By | Published on Monday 22 June 2020

Charter Communications

The US record industry last week hit back at American internet service provider Charter Communications requesting that the courts dismiss claims the net firm has made against the major labels – to the effect that said labels breached US copyright law by knowingly submitting false takedown requests – because those claims are based on a “pyramid of conjecture”.

Charter is one of the ISPs that the major record companies are trying to hold liable for the copyright infringement of its users, citing the precedents set in the similar cases pursued against Cox Communications.

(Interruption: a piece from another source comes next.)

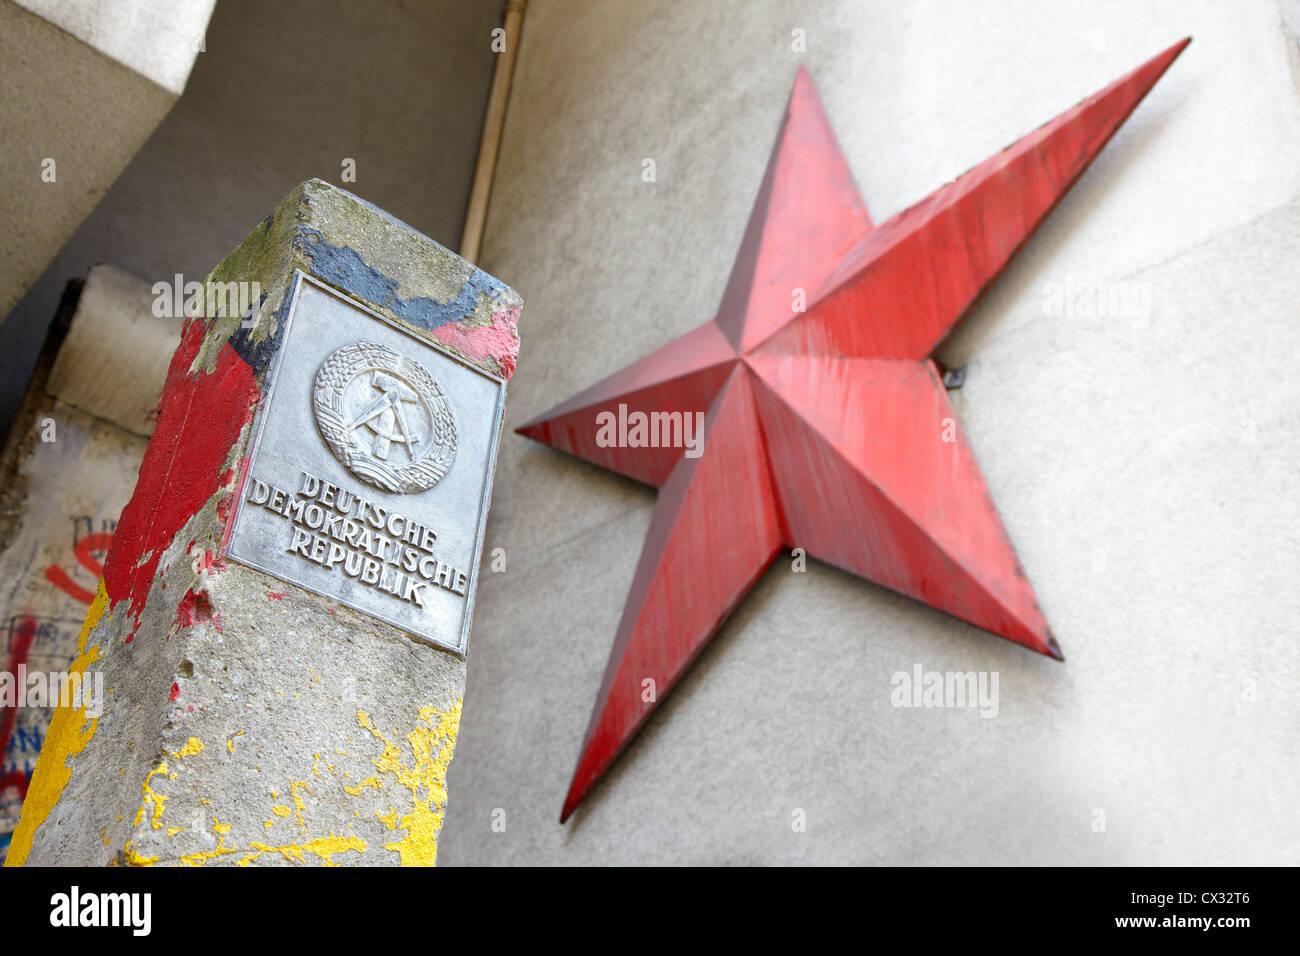 DDR firmar y estrella roja en Berlín. Foto de stock

ISPs would usually be protected from such liability by the pesky copyright safe harbour. But the music industry argues that various net firms have operated deliberately shoddy systems for dealing with infringing content and repeat infringers on their networks, and therefore do not qualify for safe harbour protection under America’s Digital Millennium Copyright Act.

That legal battle is ongoing, but earlier this year Charter alleged that the record industry had also failed to fulfil its obligations under the DMCA. That being based on that claim that the labels had submitted takedown requests to the ISP for music they didn’t actually control. In a subsequent legal filing, Charter also argued that those allegedly dodgy takedown requests violated the Colorado Consumer Protection Act too.

In a legal filing submitted last week, the labels denied all those claims. They noted that Charter’s dodgy takedown request allegation followed a decision by the labels to remove some of the tracks specifically mentioned in their original lawsuit against the ISP. That edit of the list of works allegedly infringed by Charter’s customers was, the labels argued, “unremarkable”.

However, the labels went on: “Charter speculates on information and belief that [the labels] do not own or control exclusive rights in ‘at least some of these works’. Charter then leaps further to speculate, again on information and belief, that [the labels] did not own them years ago, but knowingly sent Charter false infringement notices about them anyway”.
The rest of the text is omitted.